- [WHAT TO WORK ON]
Return the run of lines below that opens with the line containing "[高品質] UVカット 35PT仕様 マグネットローダー 100個セット" and closes with the line containing "Sant Ferran Castle in Figueres", keeping each one exact.

- [SUPPLIED DATA]

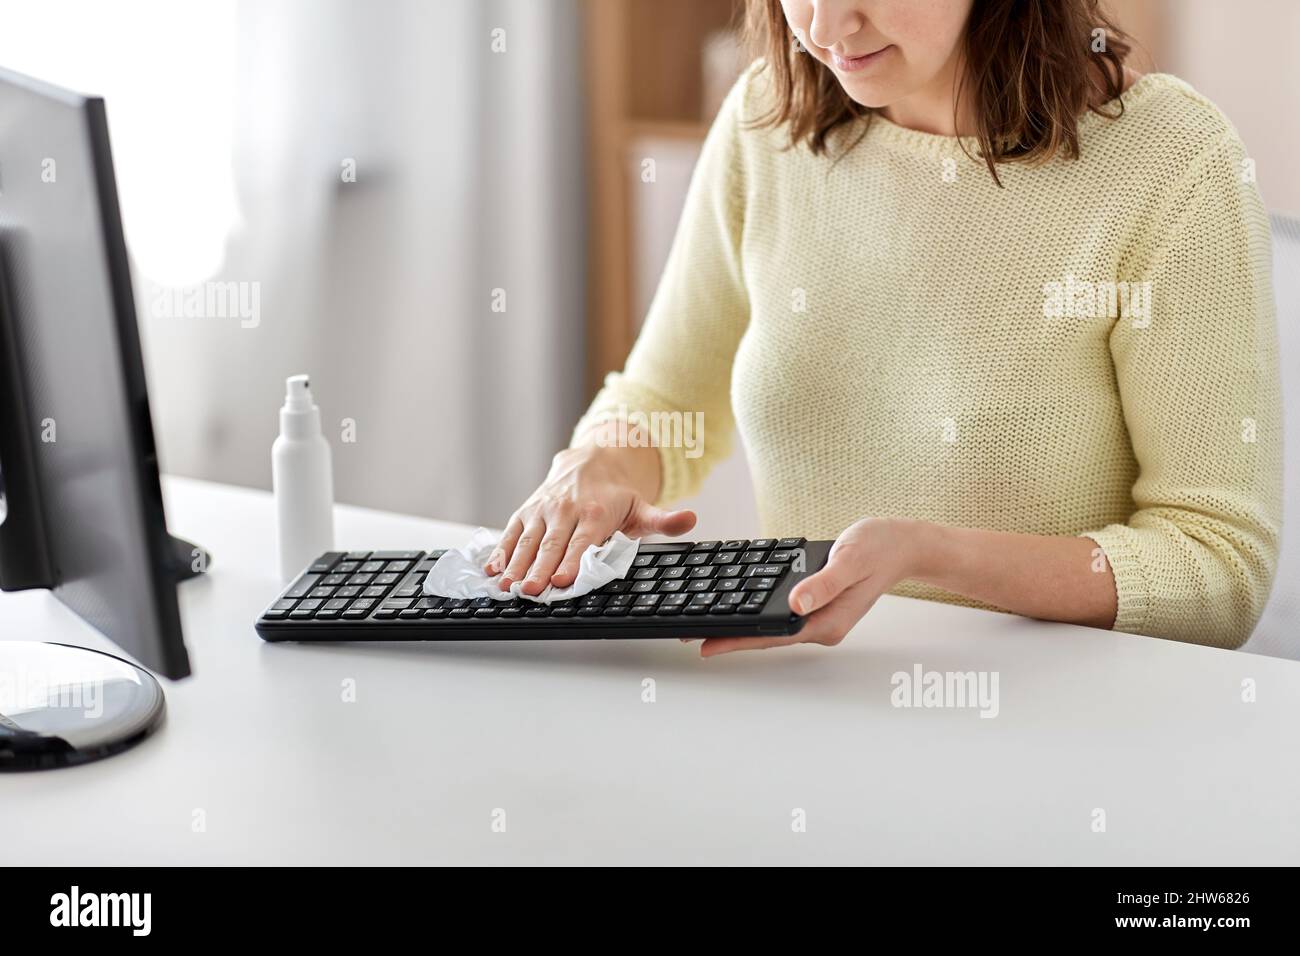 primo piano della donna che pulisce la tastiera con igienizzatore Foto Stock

--

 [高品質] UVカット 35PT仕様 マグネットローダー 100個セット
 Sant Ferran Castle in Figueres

- [TASK OUTPUT]
 [高品質] UVカット 35PT仕様 マグネットローダー 100個セット
 Sant Ferran Castle in Figueres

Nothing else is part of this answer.